The growth prospects in the EU region are particularly promising, with the German microsurgical robotics market projected to achieve a growth rate of 15.3%. This high growth rate is attributed to initiatives undertaken by the EU to promote the adoption of advanced technologies, including robot-assisted microsurgery for healthcare applications. For instance, the European Association of Urology has introduced robotic urology programs. This will lead to high adoption rates of microsurgical robots in urology, thereby driving business growth.

 

In China, regulatory authorities are also vigorously promoting the application of medical robots. Under "Made in China 2025," biopharmaceuticals and high-performance medical devices are listed among the ten key sectors for breakthrough development. On January 30, 2019, the General Office of the National Health Commission issued the "Notice on Establishing the Expert Committee for Clinical Application Management of Surgical Robots." The notice stated that, to standardize the clinical application of surgical robots, improve healthcare quality, and ensure medical safety, the National Health Commission would establish the Expert Committee for Clinical Application Management of Surgical Robots. The development of the domestic market is likewise expected to be promising.

 

 

Digital Health-Centricity

 

The promising prospects of surgical robots can be seen as favorable information for medical device companies to enter new fields. Large companies also have to enter new areas, especially in the context of fierce competition in the homogeneous market of medical devices abroad and sluggish market growth.

 

According to the annual reports of Johnson & Johnson, Philips, and Boston Scientific over the past two years, the growth trend in emerging markets has far exceeded that in the United States and Europe.

 

Moreover, with the advent of healthcare cost containment measures and the digital era, the role of value-based healthcare is becoming increasingly prominent. For medical device companies, their business models are beginning to undergo transformation.

 

To maintain competitiveness in niche markets,Medical device manufacturers need to not only carry out vertical mergers and acquisitions as before, but also seamlessly acquire real-world data.. A support platform that integrates individual medical technology products and services into holistic care solutions, particularly against the backdrop of continuous technological advancements across the industry, growing uncertainty in regulation and legislation, and tightening healthcare insurance reimbursement policies.

 

Moreover, beyond competition from traditional medical device giants, advancements in sensor technology and artificial intelligence (AI) have expanded the use of medical devices beyond hospitals to include digital products and data-related services. The FDA registration of the Apple Watch serves as one example. Companies entering the medical device industry are becoming increasingly diverse.

 

Medical device giants cannot afford to fall behind; although it may not be a core business focus, they must establish more flexible business models to address this.

 

Prior to 2017, medical device giants were still in the process of gradually embracing digital health. Between 2015 and 2016, notable collaborations included Philips partnering with the pathology company PathAI; Stryker collaborating with Microsoft on augmented reality to build the operating room of the future; Johnson & Johnson establishing a joint venture with Verily to research surgical robots; and Medtronic working with IBM Watson to develop a predictive app for blood glucose management.

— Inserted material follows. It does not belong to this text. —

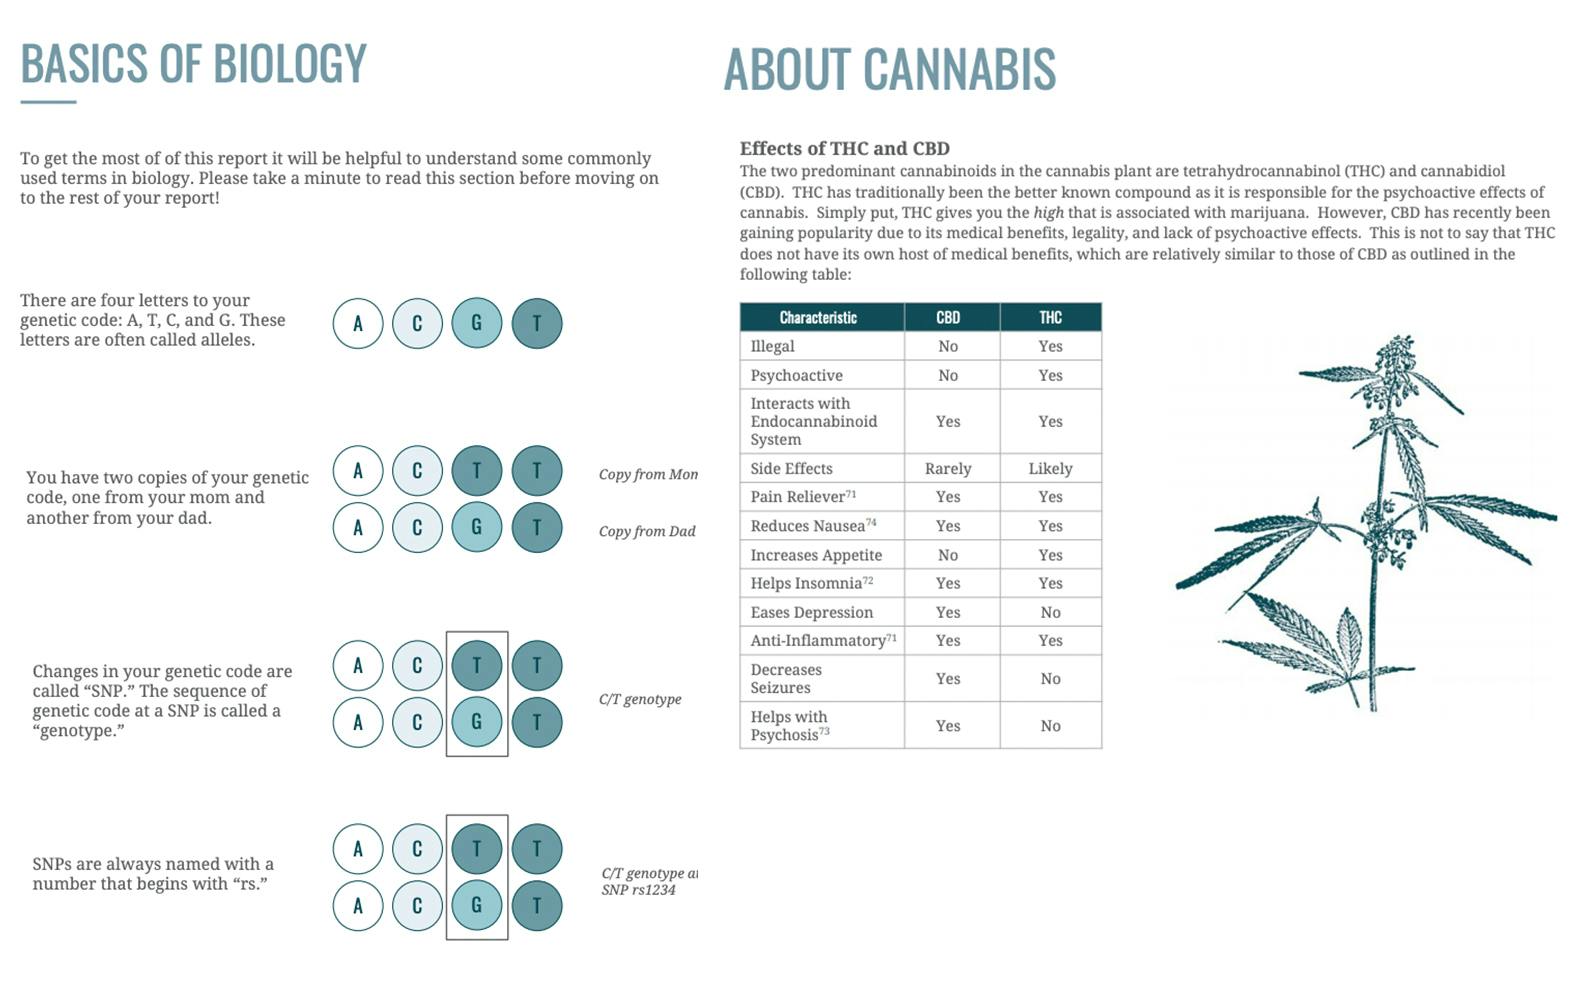 Dynamic DNA Laboratories' explanation of using and understanding pharmacogenetics as it relates to cannabis products.
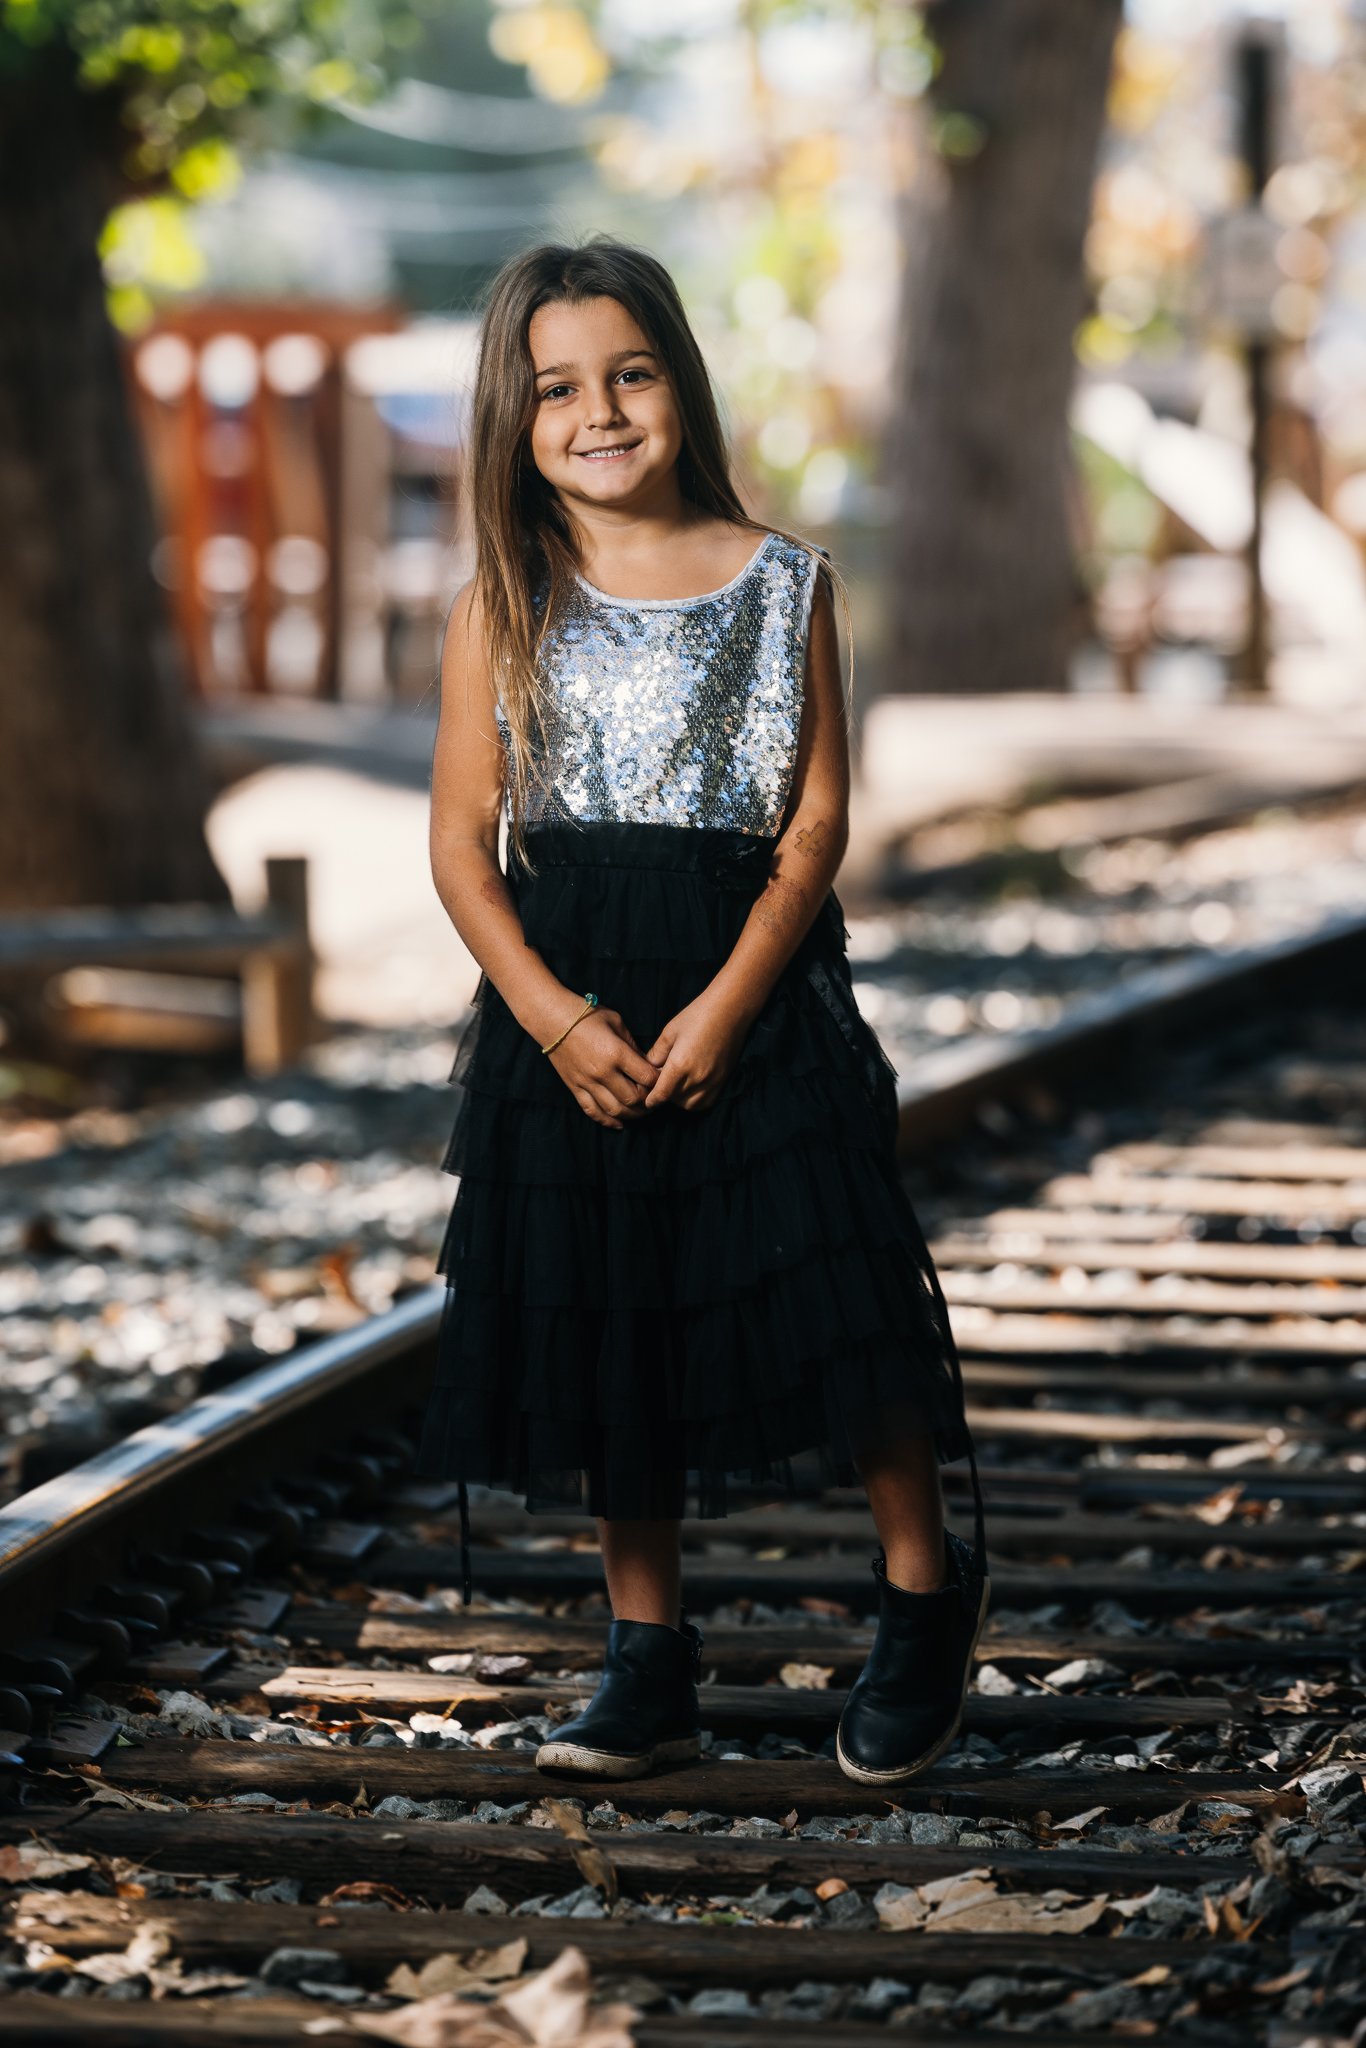 Old Poway Park | Southern California Family Portrait Photo Session-50.jpg

But now, we can see that Medtronic has moved to directly acquire an AI nutrition technology company, and Philips is also vigorously transforming into a health technology company.

 

Looking back after two years, some specific initiatives have yet to yield returns, but none of these strategic directions have been scaled back; instead, investment has largely been increased. In the realm of digital health, the strategy has shifted from partnerships to acquisitions, with previously peripheral products moving to the center stage.